All formulas below are derived by finding $J(A)$ that achieves the supremum in the definition of the dual norm: $\Vert A \Vert_\ast = \sup_{\Vert X \Vert=1} \langle A, X \rangle_F$.

1. Vector-induced $\ell_p \to \ell_q$ Operator Norms

The duality mapping $J_{\ell_p \to \ell_q}(A)$ for the induced norm $\Vert \cdot \Vert_{\ell_p \to \ell_q}$ is an element of the subgradient of its dual norm, $\Vert \cdot \Vert_{\ell_p \to \ell_q}^\ast$. As we saw, this dual norm has a complex variational form, making a general closed-form expression for the duality mapping intractable. However, we can characterize it for specific cases.

Rank-One Case:

Norm: For a rank-one matrix $A = vu^\top$, where $u \in \mathbb{R}^n, v \in \mathbb{R}^m$.
Dual Norm: $\Vert A \Vert_{\ell_p \to \ell_q}^\ast = \Vert u \Vert_p \Vert v \Vert_{q'}$, where $1/q + 1/q' = 1$.
Duality Mapping: $J_{\ell_p \to \ell_q}(A) = s_v s_u^\top$, where $s_u$ is a dual vector to $u$ (w.r.t. the $\ell_p$ norm) and $s_v$ is a dual vector to $v$ (w.r.t. the $\ell_{q'}$ norm).

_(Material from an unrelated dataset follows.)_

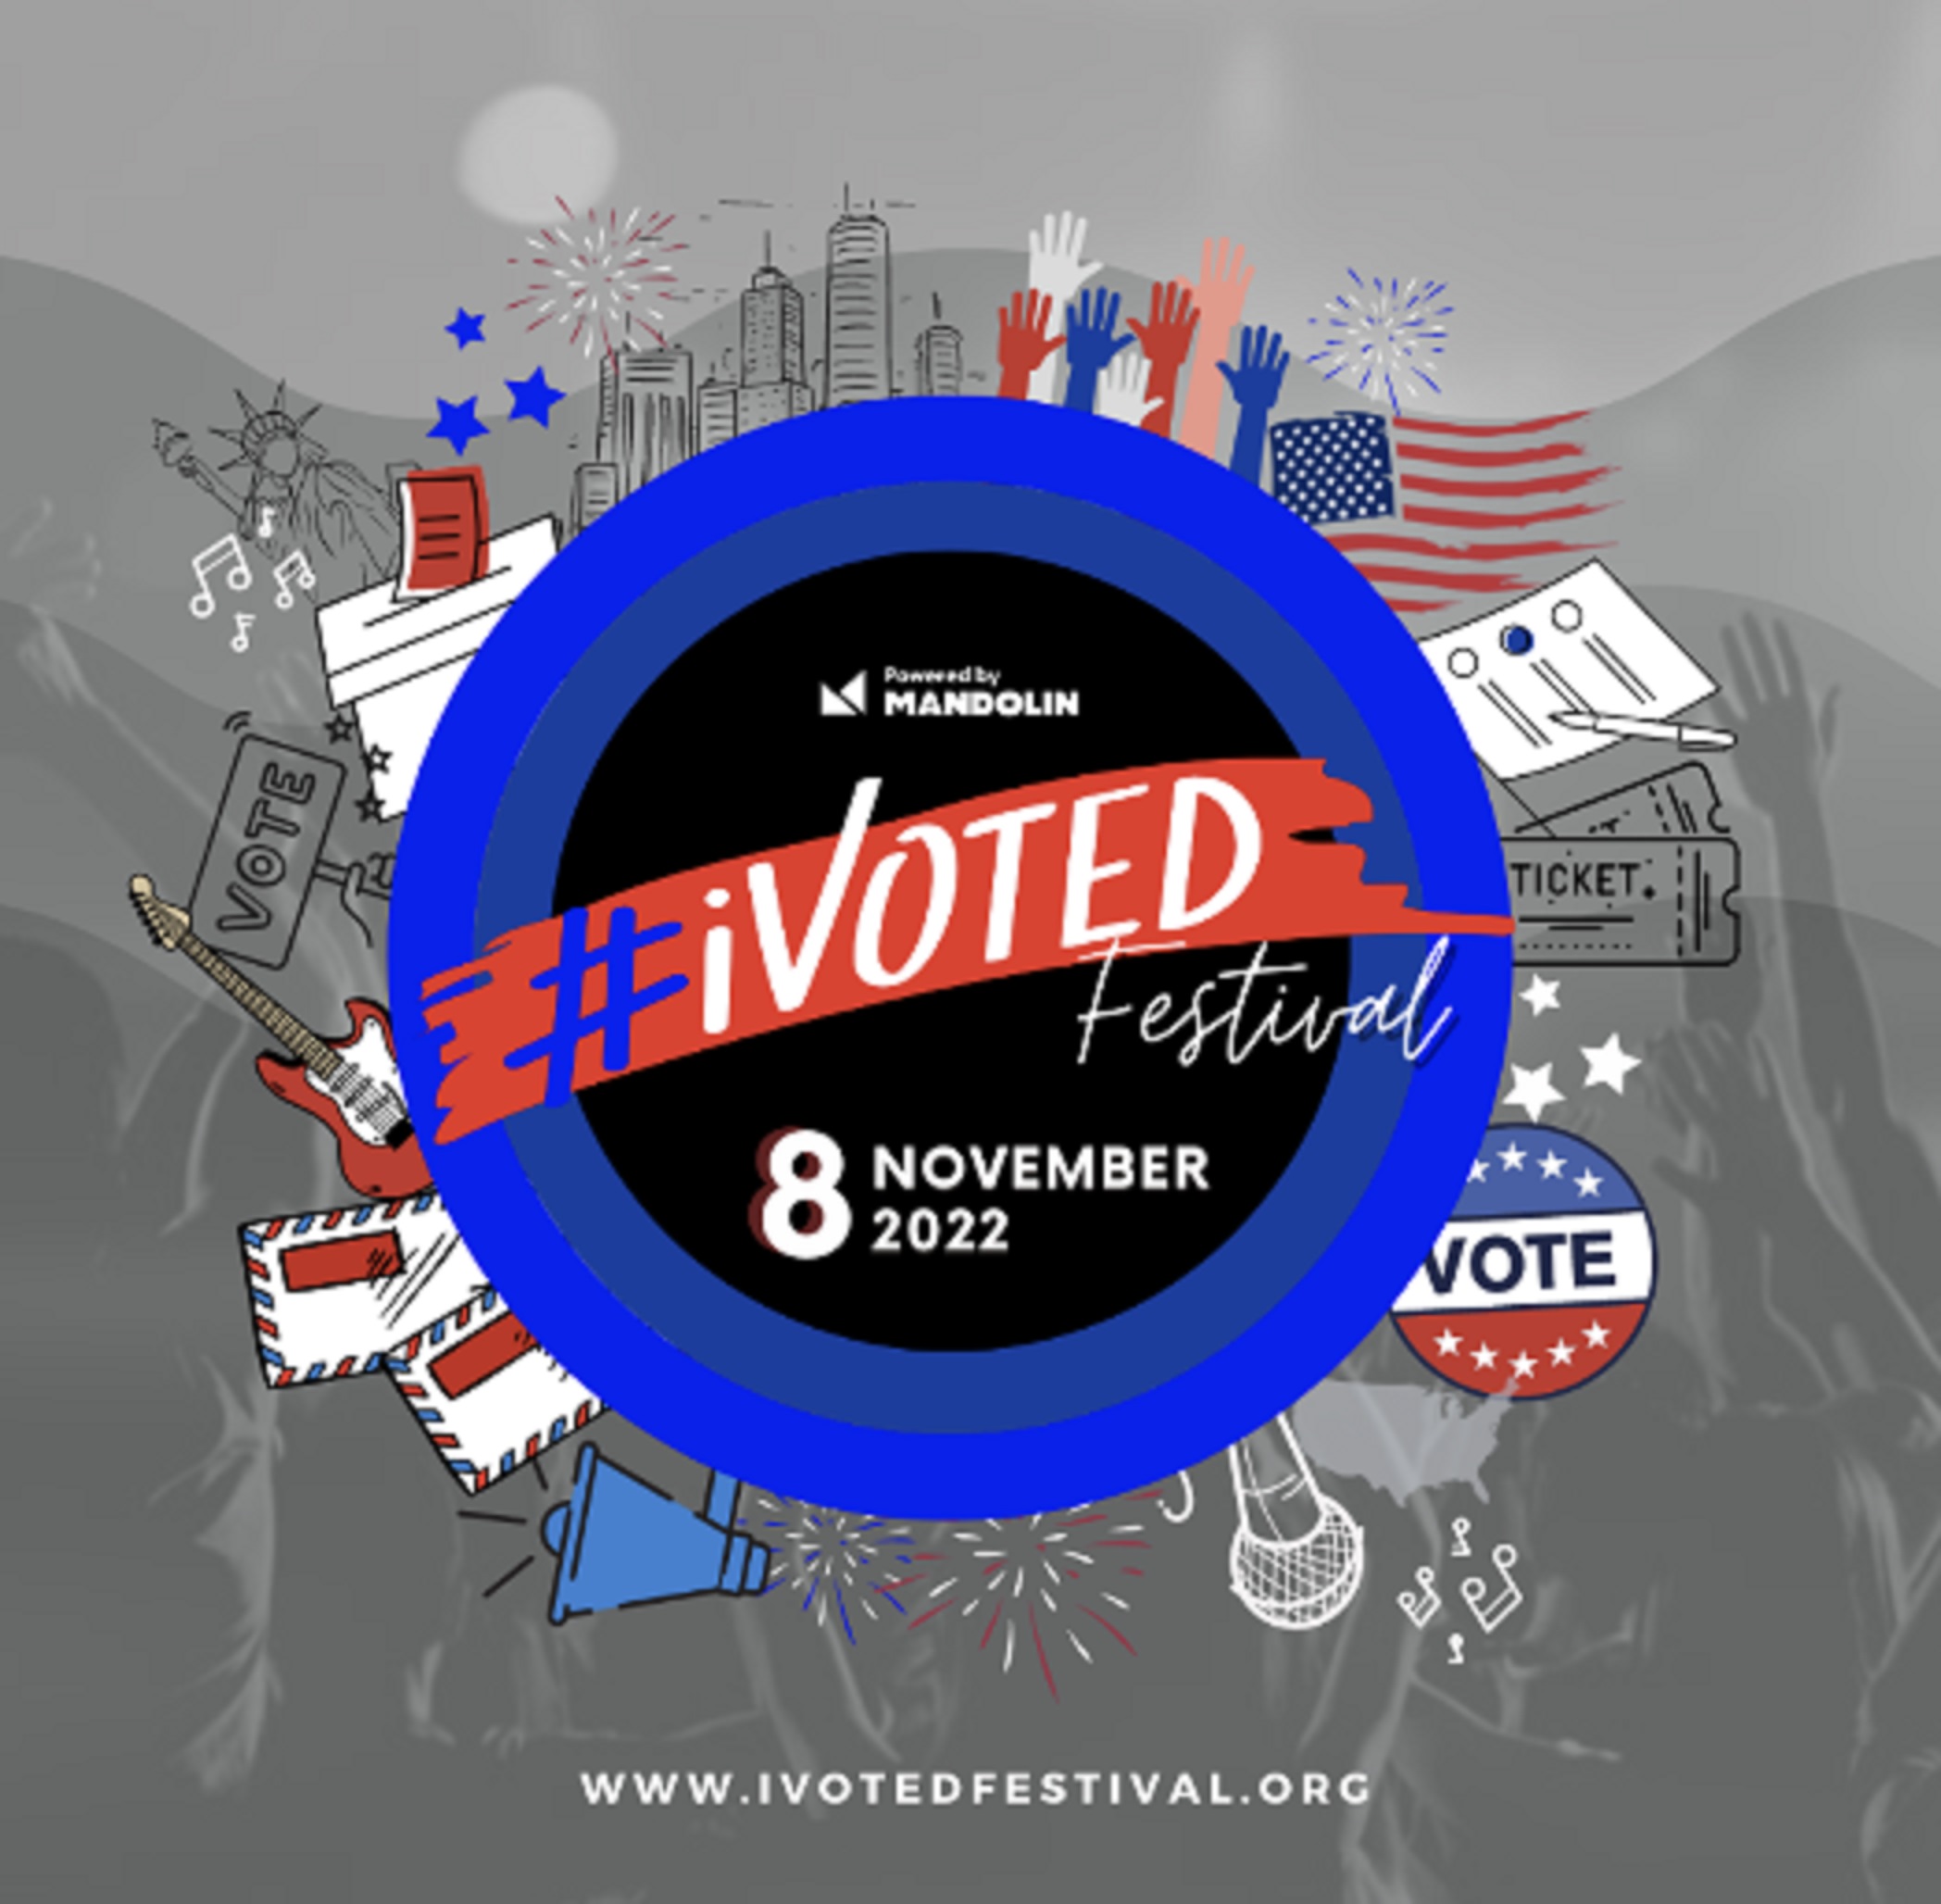 #iVoted Festival webcast set for election night tomorrow

Specifically:
- $s_u \in \mathbb{R}^n$ satisfies $\Vert s_u \Vert_{p'} = 1$ and $s_u^\top u = \Vert u \Vert_p$.
- $s_v \in \mathbb{R}^m$ satisfies $\Vert s_v \_q = 1$ and $s_v^\top v = \Vert v \Vert_{q'}$.
For $1 < p, q' < \infty$, these dual vectors are unique and given by: $s_u = \frac{\mathrm{sign}(u) \odot \vert u\vert ^{p-1}}{\Vert u \Vert_p^{p-1}} \quad \text{and} \quad s_v = \frac{\mathrm{sign}(v) \odot \vert v\vert ^{q'-1}}{\Vert v \Vert_{q'}^{q'-1}}$ where the operations are element-wise.

Special Operator Norms:

Max Column Sum ($\ell_1 \to \ell_1$):
- Let $i_0$ be the index of a row of $A$ with the maximum absolute row sum (this corresponds to the dual norm, $\Vert A \Vert_{\infty \to \infty}$).
- A duality mapping for $\Vert \cdot \Vert_{\ell_1 \to \ell_1}$ at $A$ is the matrix $J(A)$ which is zero everywhere except for row $i_0$, which is set to $\mathrm{sign}(A_{i_0, :})$.
- \[J_{\ell_1 \to \ell_1}(A) = e_{i_0} (\mathrm{sign}(A_{i_0, :}))^\top\]
Max Row Sum ($\ell_\infty \to \ell_\infty$):
- Let $j_0$ be the index of a column of $A$ with the maximum absolute column sum (this corresponds to the dual norm, $\Vert A \Vert_{\ell_1 \to \ell_1}$).
- A duality mapping for $\Vert \cdot \Vert_{\ell_\infty \to \ell_\infty}$ at $A$ is the matrix $J(A)$ which is zero everywhere except for column $j_0$, which is set to $\mathrm{sign}(A_{:, j_0})$.
- \[J_{\ell_\infty \to \ell_\infty}(A) = (\mathrm{sign}(A_{:, j_0})) e_{j_0}^\top\]
Spectral Norm ($\ell_2 \to \ell_2$):
- This is a special case of the Schatten $S_\infty$ norm. As shown below, the duality mapping is $J_{S_\infty}(A) = U_r V_r^\top$, where $A = U_r \Sigma_r V_r^\top$ is the compact SVD of $A$.
Max Entry Norm ($\ell_1 \to \ell_\infty$):
- The dual norm is the entrywise $\ell_1$ norm, $\sum_{i,j} \vert A_{ij}\vert$
- The duality mapping for $\Vert\cdot\Vert_{\ell_1\to\ell_\infty}$ at $A$ is a matrix whose primal norm is 1 and is a subgradient of the dual norm at $A$. A subgradient of $\sum_{i,j}\vert A_{ij}\vert$ is $\mathrm{sign}(A)$.
- The $\ell_1 \to \ell_\infty$ norm of $\mathrm{sign}(A)$ is $\max_{i,j}\vert \mathrm{sign}(A_{ij})\vert =1$, so it is already normalized.
- \[J_{\ell_1 \to \ell_\infty}(A) = \mathrm{sign}(A)\]

2. Schatten $S_p$ Norms

Norm: For $A\in\mathbb R^{m\times n}$ with SVD $A=U\Sigma V^{\top}$. $\Vert A \Vert_{S_p}:=\left(\textstyle\sum_{i}\sigma_i(A)^{\,p}\right)^{1/p}$.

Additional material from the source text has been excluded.